The file folders sometimes have topic labels on them such as "testamentary capacity," "wills interpretation," and "WVA [Wills Variation Act]. Some of them just say "research" on them. When I finish working on a case, I take the photocopies of cases out of the case file, and put them in my credenza. I can then refer to the cases later.
Some of the files are stacked on one another, and some are vertical. At one time, several years ago, the files were organized alphabetically, by topic. Not now. Still, I do find what I am looking for, but I doubt anyone else could.

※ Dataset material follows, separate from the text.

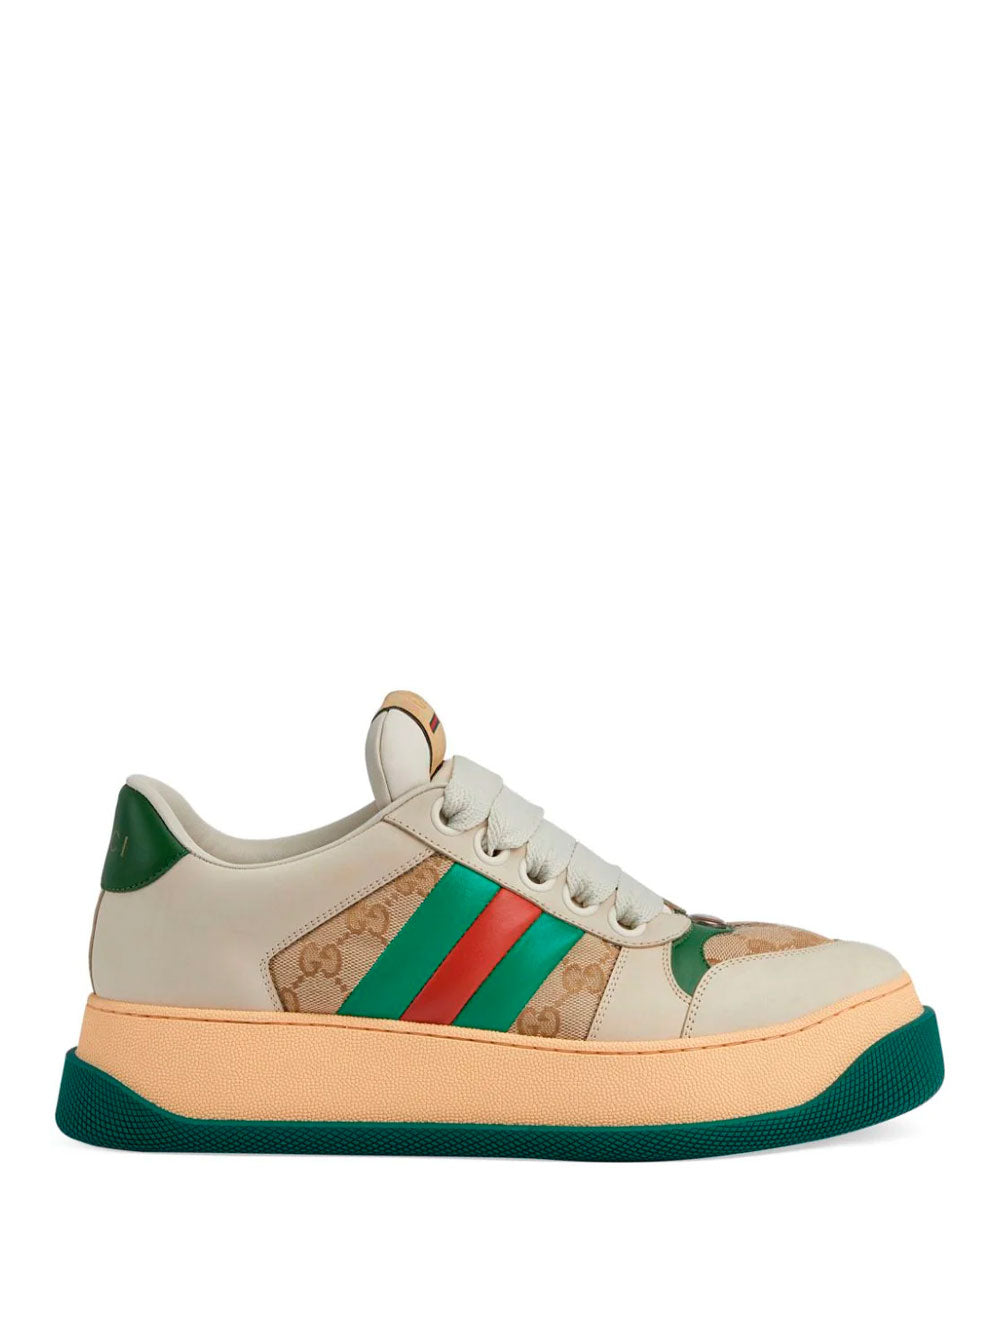 Screener sneakers | Gucci | OTTODISANPIETRO

I was considering writing an article for Seniors Choice on undue influence. I opened my credenza, in search of a folder with undue influence cases.
As I was looking for my undue influence folder, I came across a folder marked "odd cases." I can't recall why I collected odd cases in a folder. I was intrigued, so I opened the file to find a few odd cases.
I like the case of Lasby v. Crewson (1891), 21 O.R. 93 (Ch. D).
In 1891, Chancellor Boyd interpreted the following clause in Oliver Lasby's will:
When my youngest son is of the age of eighteen years, my estate . . shall be divided among my children then living, that is to say, to each of my sons I leave two-thirds, and to each of my daughters, one-third of all my estate and effects."
After Oliver Lasby died, when his youngest son attained the age of 18, Oliver Lasby had twelve children then living.
In his judgment, Boyd C. remarked,
"The will is said to be the work of a schoolmaster; his notions of fractions are peculiar, but it is a relief to think he belonged to a past generation, as the document dates back to 1859."
The court considered three possible interpretations: 1. The fractions were nonsensical, and the children should share equally; 2. The sons should share two-thirds of the estate, and the daughters one-third; 3. The estate should be divided so that each son should receive double the portion of each daughter.
Chancellor Boyd found that the testator intended to give each son double the portion given to each daughter. He held that the estate should be divided into seventeenths, with ten-seventeenths shared among the sons, and seven-seventeenths shared among the daughters.
It seems to me that here have been a few peculiar notions of fractions expressed in homemade wills since Boyd C. issued this judgment more than a century ago.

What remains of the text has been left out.